Summary: "systemctl start ntpd.service" hanged
Product: Red Hat Enterprise Linux 7 Reporter: Jan Stancek <jstancek>
Component: systemdAssignee: systemd-maint
Status: CLOSED DUPLICATE QA Contact: qe-baseos-daemons
Severity: unspecified Docs Contact:
Priority: unspecified    
Version: 7.2CC: jburke, jstancek, lnykryn, systemd-maint-list
Target Milestone: rc   
Target Release: ---   
Hardware: Unspecified   
OS: Unspecified   
Whiteboard:
Fixed In Version: Doc Type: Bug Fix
Doc Text:
Story Points: ---
Clone Of: Environment:
Last Closed: 2015-09-25 12:00:47 UTC Type: Bug
Regression: --- Mount Type: ---
Documentation: --- CRM:
Verified Versions: Category: ---
oVirt Team: --- RHEL 7.3 requirements from Atomic Host:
Cloudforms Team: --- Target Upstream Version:
Embargoed:
Attachments:
Description Flags
systemctl core (captured with gcore) none

Description Jan Stancek 2015-09-23 19:05:52 UTC
Description of problem:
"systemctl start ntpd.service" didn't complete in ~2 hours.

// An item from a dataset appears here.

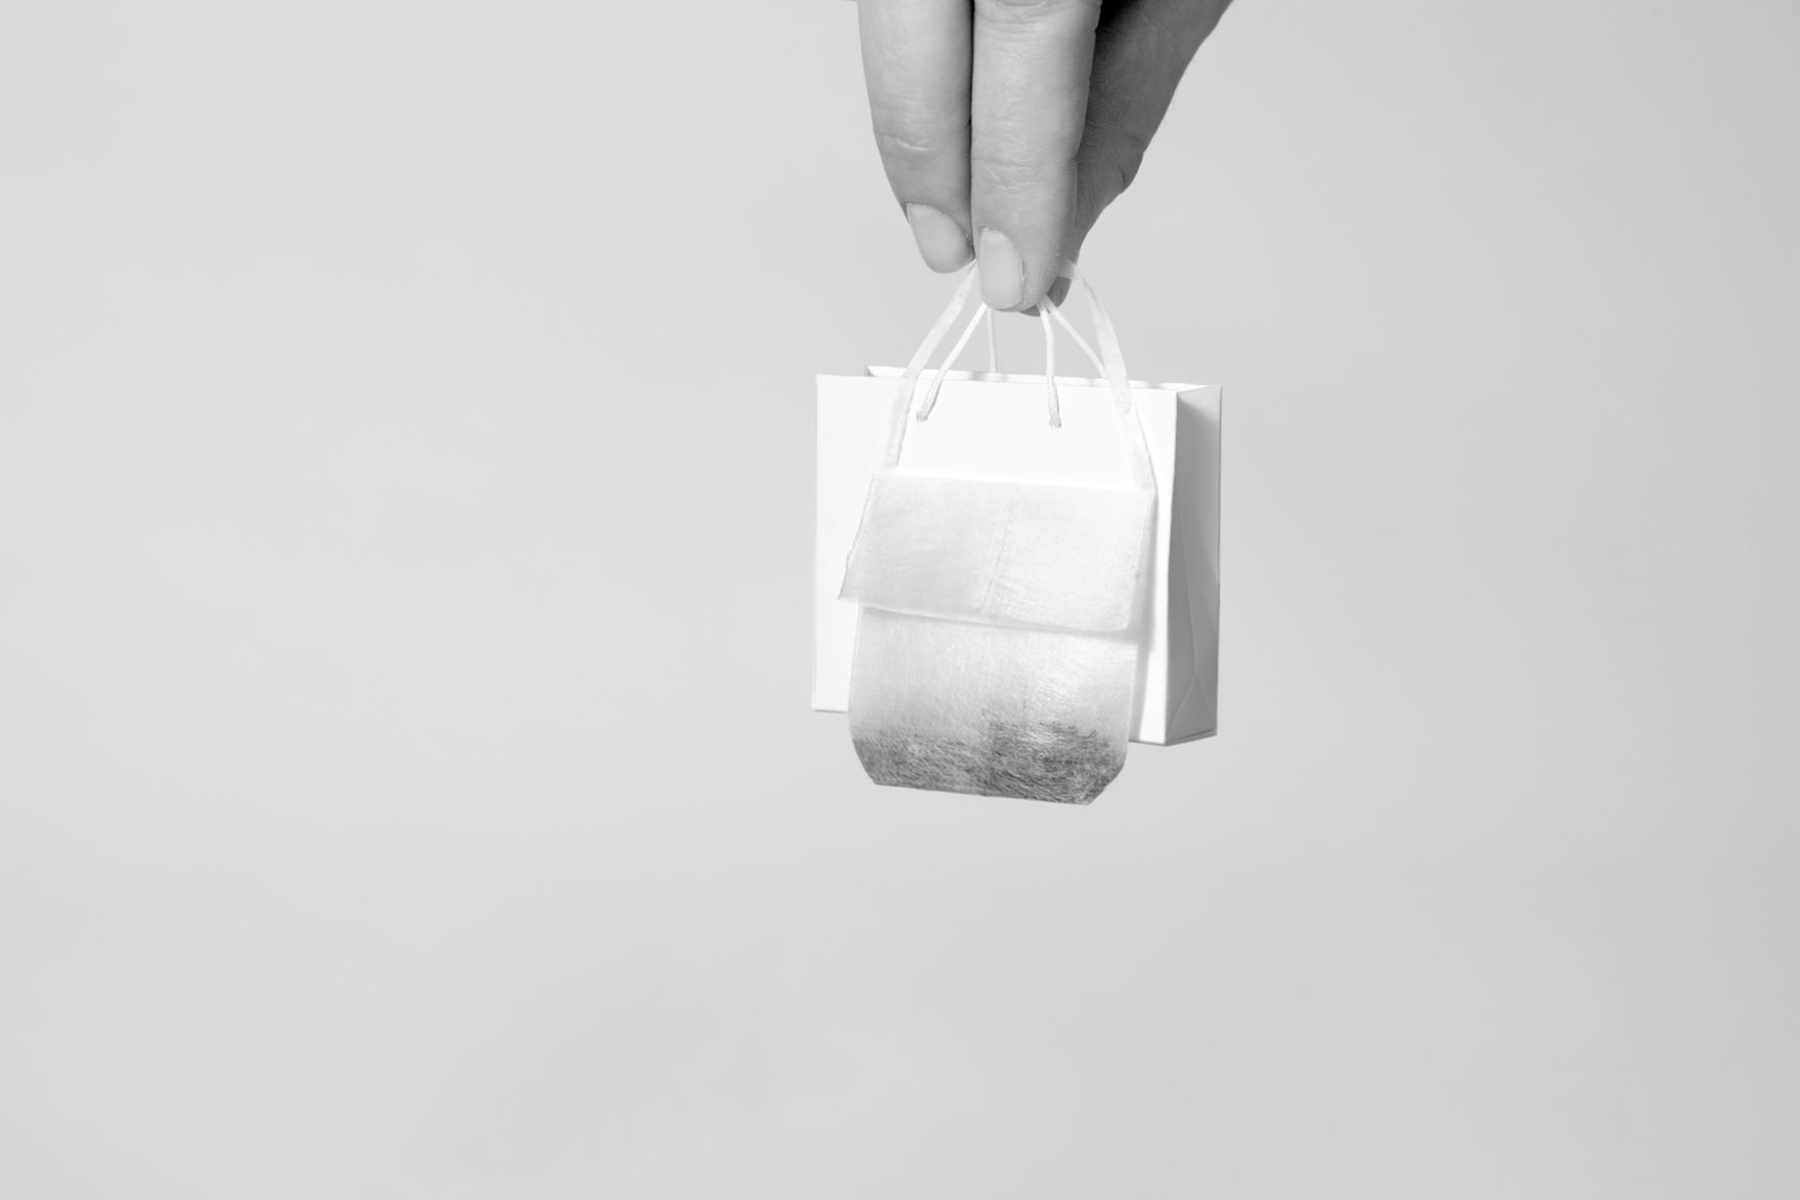 iGNANT-Design-Halssen-&-Lyon-Ayzit-Bostan-The-Teabag-Collection-05

ntpd is still reported as "inactive" with no sign that it's starting:

# systemctl status ntpd
● ntpd.service - Network Time Service
   Loaded: loaded (/usr/lib/systemd/system/ntpd.service; disabled; vendor preset: disabled)
   Active: inactive (dead) since Wed 2015-09-23 11:17:10 EDT; 3h 27min ago
  Process: 19146 ExecStart=/usr/sbin/ntpd -u ntp:ntp $OPTIONS (code=exited, status=0/SUCCESS)
 Main PID: 19147 (code=exited, status=0/SUCCESS)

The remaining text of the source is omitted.